L’indimenticato ex bomber gialloblù si racconta in una lunga intervista alla Gazzetta di Parma. “L’amore della gente è il regalo più bello”

Domani Alessandro Melli compie 50 anni e la Gazzetta di Parma ha deciso di celebrare questo traguardo con una lunga intervista all’indimenticato ex bomber del Parma. Sempre nel cuore dei tifosi. “L’altro giorno due compagni di scuola di mia figlia che avranno avuto 8-9 anni mi hanno chiesto l’autografo. E’ stato bello, l’amore che la gente di Parma mi dimostra così spesso è il regalo che tengo più stretto per questi 50 anni“.

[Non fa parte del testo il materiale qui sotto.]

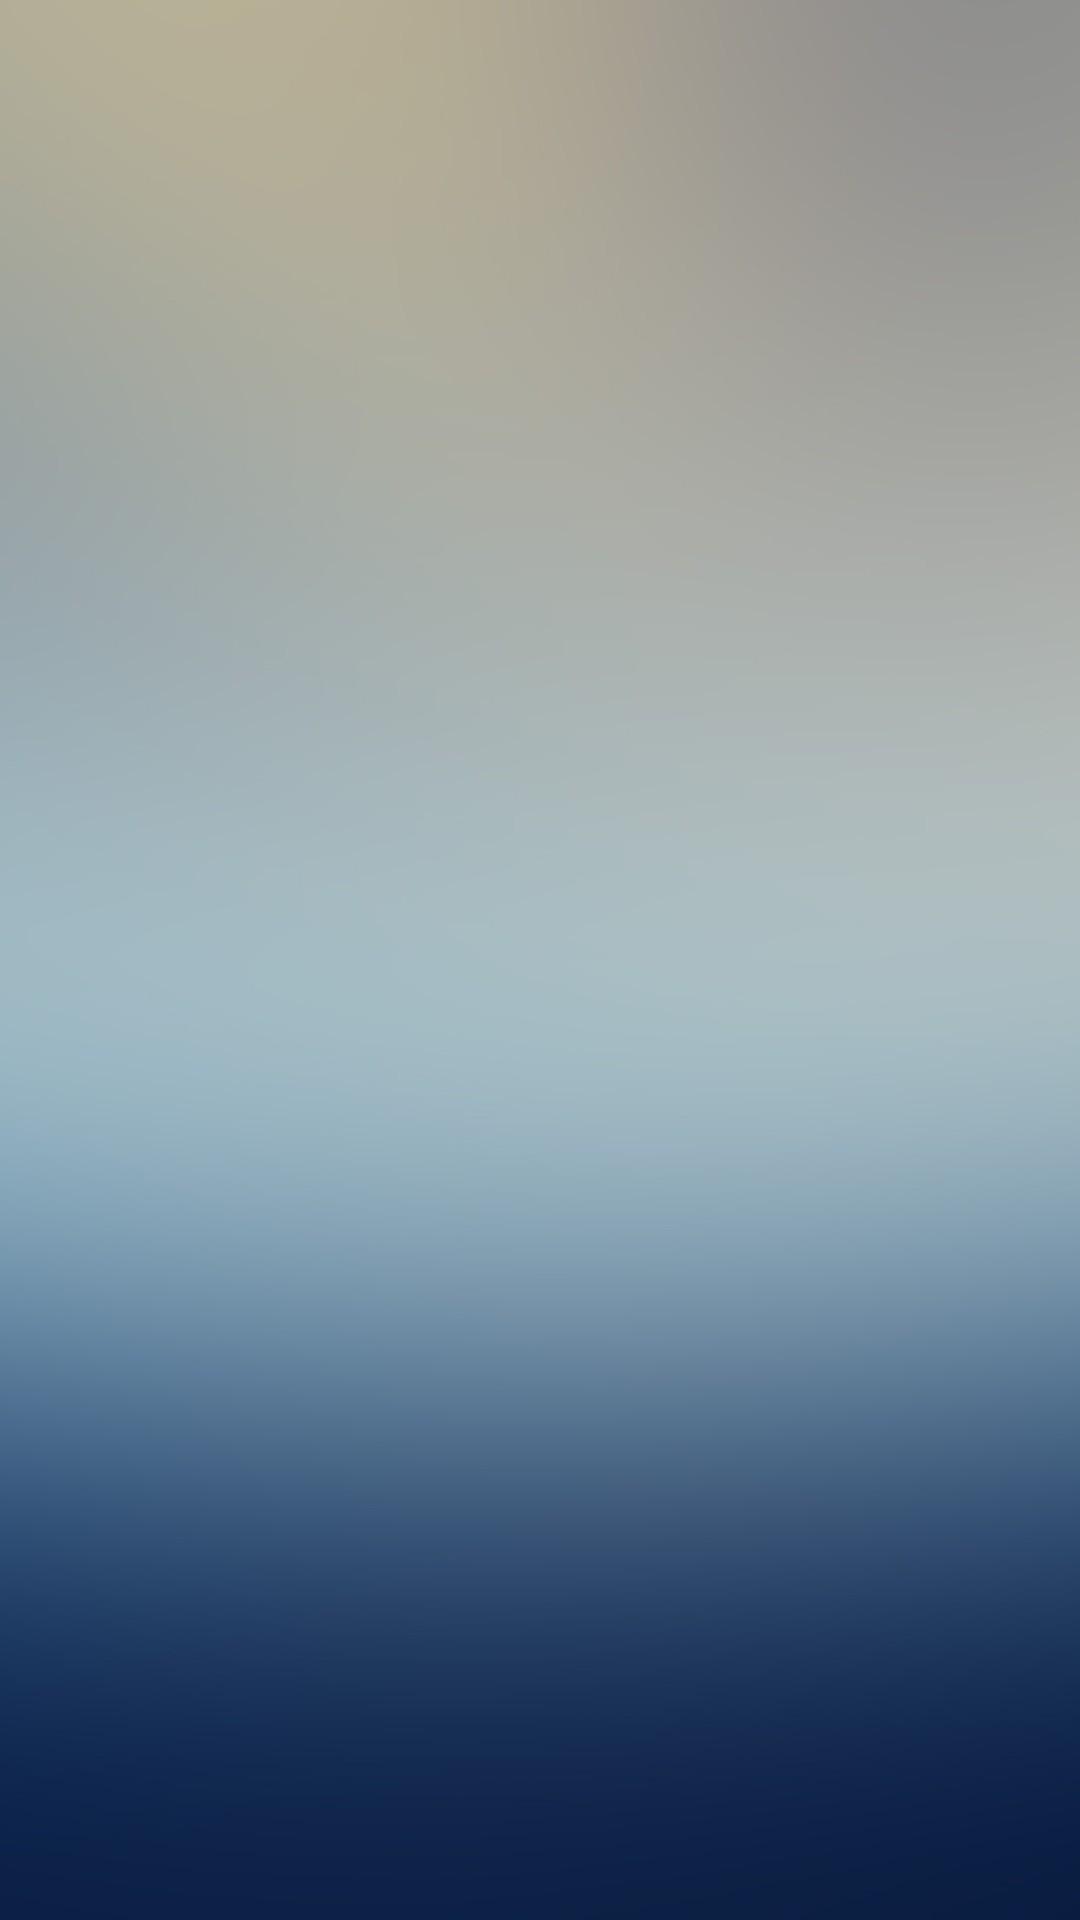 Earth On Space Blue Gradation Blur #iPhone #6 #plus #wallpaper

IDOLO.Barbuti. Con gli amici scavalcavamo la “mura” del Tardini alla Pezzani: adoravo andare a vedere il suo riscaldamento e me lo mangiavo con gli occhi. Se lo paragoniamo ai riscaldamenti di oggi vien da ridere. Lui si limitava a qualche palleggio. Era bravo a fare dei numeri e tanto bastava a incantarmi. In realtà per i modelli tecnici guardavo più su. Ero juventino e in quell’epoca c’erano Platini, Rossi, Boniek e tanti altri“.

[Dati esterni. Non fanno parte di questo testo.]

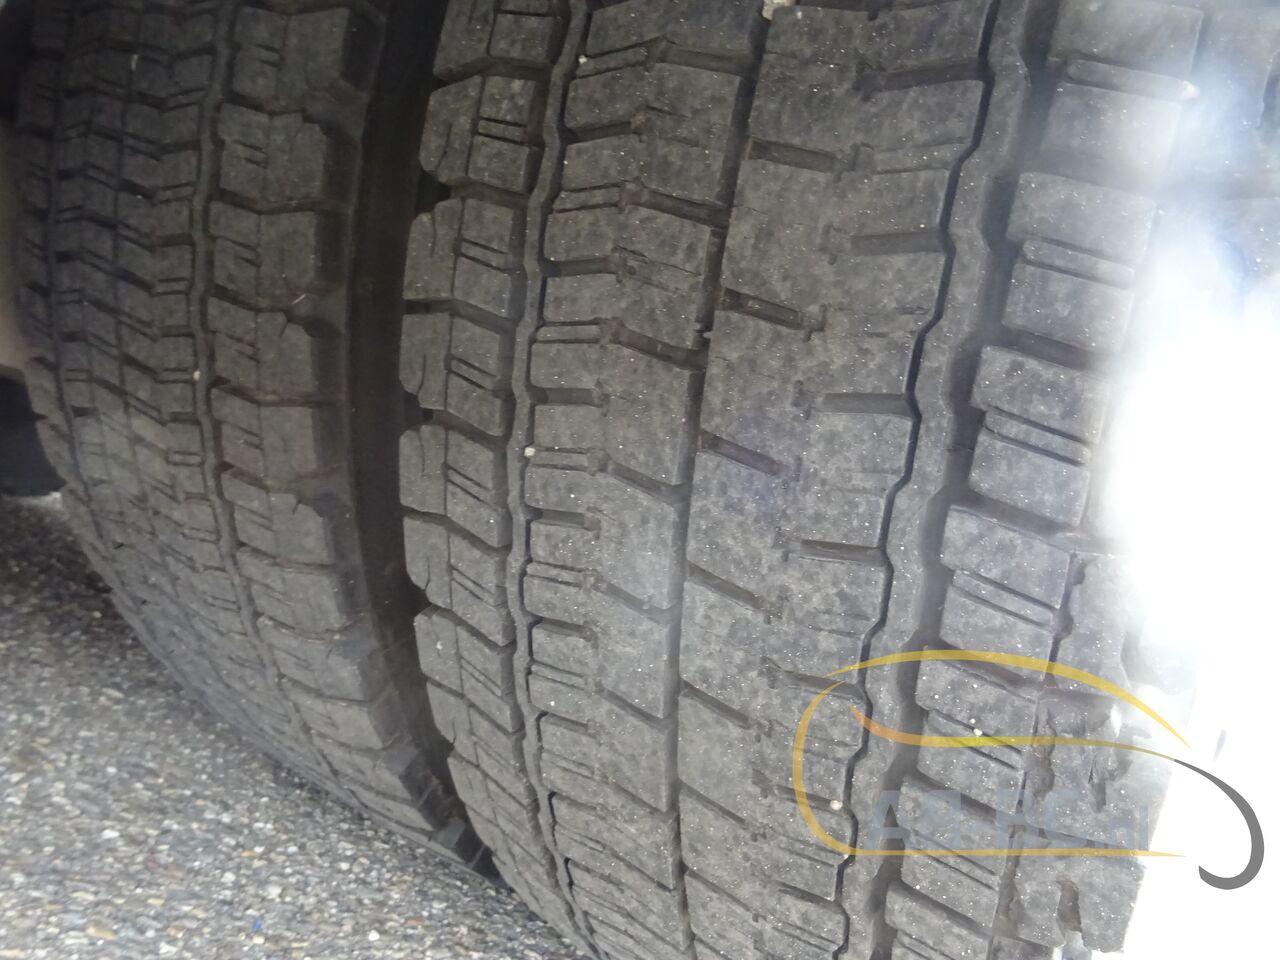 coach-busSETRA-S415-GT-HD-FINAL-EDITION---1627457039941020349_big_e7c8a8357bfdf6437f40919a25ee6db9--21050713010665719300

CERESINI. “C’è stato un periodo in cui mi ero un po’ smarrito. Ceresini e mio padre un giorno vennero a parlarmi. Era l’anno del militare, covavo l’idea di smettere, ero demoralizzato: loro invece toccarono le corde giuste, mi diedero la carica. Ernesto poi fece un patto con Scala, al suo arrivo a Parma, promettendogli un grosso premio se mi avesse rivalorizzato. E anche questo mi stimolò a farmi ripartire. Avevo 19 anni ma ero anche convinto che per me fosse uno degli ultimi treni“.

EMOZIONE PIU’ BELLA.Il gol alla Reggiana nel ’90. Un ragazzo parmigiano solo nei sogni può vivere la gioia di dare la prima serie A alla sua squadra sotto la Nord in un derby“.

RIMPIANTI. Sono stato infantile in troppi momenti. E se un pizzico di incoscienza mi ha aiutato nel mio modo di giocare, credo però di aver sfruttato solo il 50% del mio potenziale. E’ veramente poco ed è solo colpa mia. Avevo l’immenso difetto di non accettare la panchina. Mi sgonfiavo, invece di caricarmi per mostrare all’allenatore che aveva sbagliato. Mi deprimevo e quando entravo in campo non ero più io“.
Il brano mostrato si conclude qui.